I have suffered with a UTI for eight years and my chronic bladder pain reduces me to tears. But DR SCURR reveals there is hope at hand

My wife is 85 and has been suffering with interstitial cystitis and urinary tract infections (UTIs) almost constantly for eight years. Her pain is often so intense she is reduced to tears. Is there anything that might relieve her suffering?

Name and address supplied.

Dr Martin Scurr replies: I’m sorry to hear your wife suffers so considerably with her symptoms. Interstitial cystitis, or chronic bladder pain syndrome, as it’s now known, can be miserable.

It’s different from a standard UTI because, while the symptoms are similar (often a sense of pressure, as well as extreme discomfort, urinary frequency and urgency), there is no identifiable infection.

It is possible to have UTIs alongside chronic bladder pain syndrome, as your wife has. That is why it’s important to have detailed investigations such as urine tests to rule out which condition is causing her symptoms (as UTIs can be treated with antibiotics).

When it comes to chronic bladder pain syndrome, as you say in your longer letter, more detailed investigations – including urine tests and a cystoscopy (using a thin probe with a camera at its tip) to examine the interior of the bladder – have failed to detect an identifiable cause.

One theory is that the condition might be triggered by previous infection, or a leak in the bladder tissue, causing ulcers.

Treatment for it involves managing symptoms – there is no cure as such – with painkillers and medications that make you pee less. If these don’t work then there are treatments that can be given into the bladder to protect the lining.

There is a similar, more treatable condition, urinary syndrome of the menopause – where the urogenital tissues, including the lining of the vagina, urethra and entry to the bladder, become thinner – which causes the same symptoms, but no infection.

To distinguish between the two conditions is far from easy but in post-menopausal women a trial of topical oestrogen cream or pessaries is worth considering, as it can be dramatically effective.

If this hasn’t worked after between two and four months, then the diagnosis would be chronic bladder pain syndrome.
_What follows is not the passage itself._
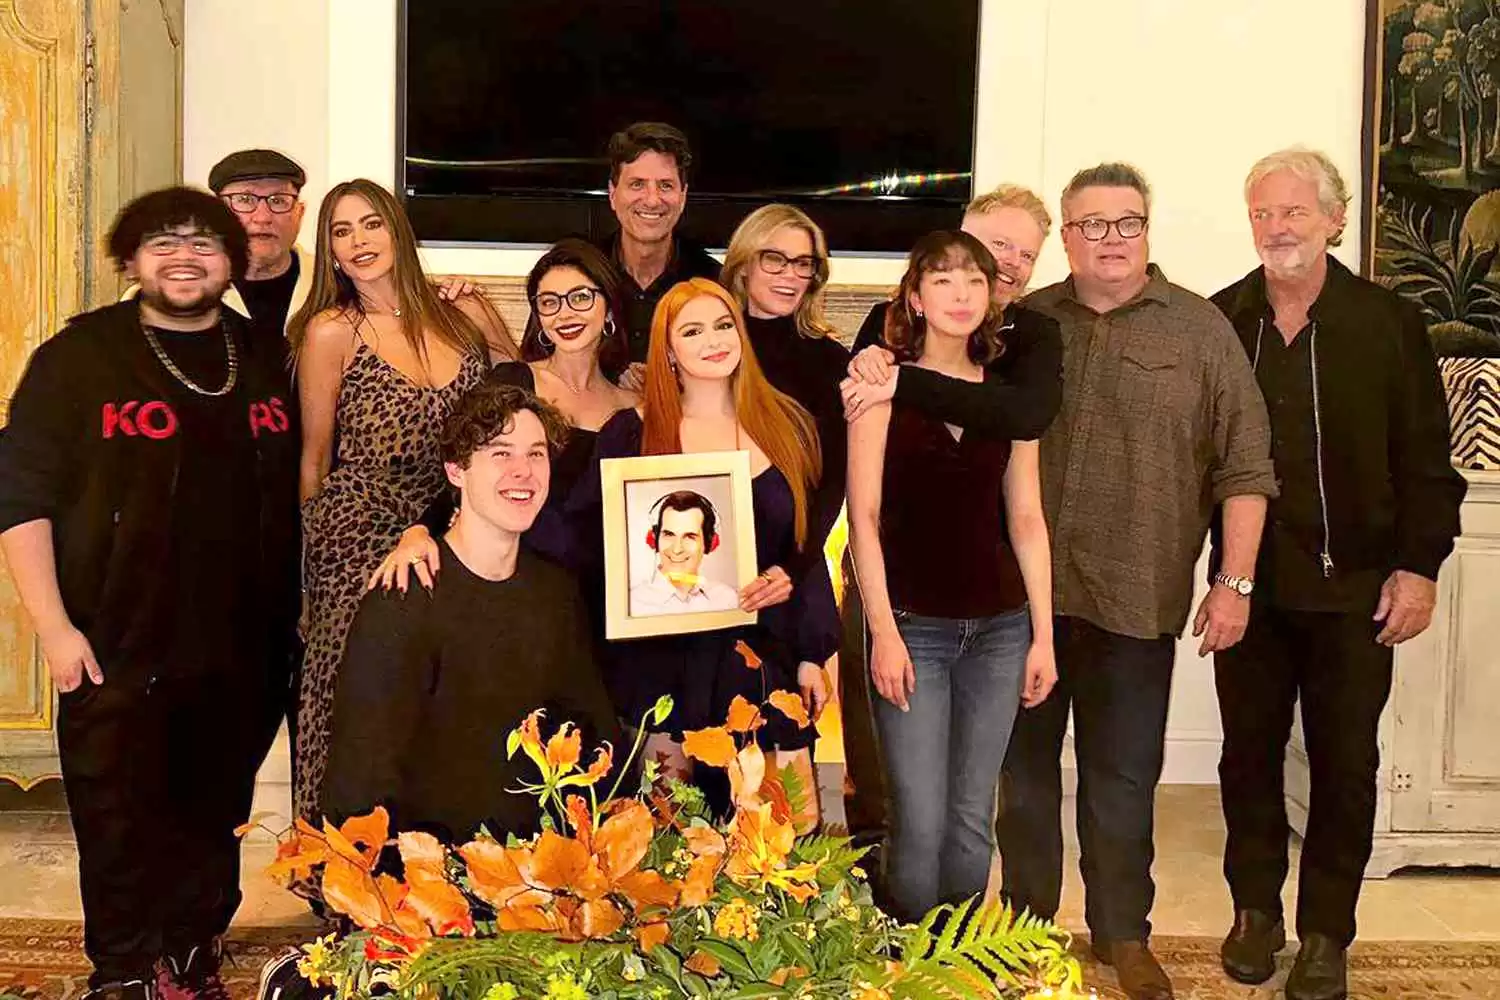 Sofía Vergara Organizes First Modern Family Reunion - See Photos

Your wife doesn’t need to see a urologist or a uro-gynaecologist. An informed GP could prescribe either oestrogen cream or, oestrogen pessaries (e.g. Vagifem). The benefit in terms of her overall state could be considerable in time. There is good reason to be optimistic.

 

I’ve seen adverts online for tDCSheadsets you use to treat depression at home. Do they work?

Andrew Howe, St.Neots, Cambridgeshire.

Dr Martin Scurr replies: I recently wrote about the undoubted benefit of another type of brain stimulation called TMS (transcranial magnetic stimulation).

This uses a magnetic field to activate cells in specific areas of the brain and multiple trials show it to be effective in treating depression that’s resistant to medication.

Unfortunately, tDCS (transcranial direct current stimulation) is not as effective.

This uses a gentle electric current, rather than a magnetic field, to make neurons in a region of the brain that is often less active in people with depression more ‘excitable’.

In small studies, where the participants knew if they were getting the real treatment or a sham one, tDCS appeared to be of great benefit.

The problem is that it is impossible to know if the improvement was due to the brain stimulation or the placebo effect.

And in larger trials involving those with more severe depression, tDCS has had little or no effect. These include a recent study in which 160 patients in Germany were given a six-week course of tDCS or a sham treatment. Neither the participants nor the researchers knew who was receiving which – and tDCS was found to be no better than the sham device.

That said, this type of brain stimulation does seem to be safe. My view is that it is worth trying if you have mild depression and if antidepressants didn’t work for you or caused bad side-effects. But don’t expect too much.

 

In my view... Life-saving spray to replace EpiPens

EpiPens are lifesaving for people having an anaphylactic reaction – but I’ve come across young patients more frightened by the injector needle than the potentially lethal reaction itself.

Another problem is that these injectors last for 12 to 18 months, and can go out of date without the patient, or even the supplier, realising. I once collected a prescription for a patient only to find that it would be out of date within six months: it had sat on the pharmacy shelf for too long.

I know of plenty of cases where younger patients don’t want to be seen carrying them.

But there’s now a great new option, Neffy, an adrenaline nasal spray that’s as effective as an EpiPen. It’s also more convenient to carry in a purse or pocket. And, I’m told, it has a longer shelf-life – possibly up to five years.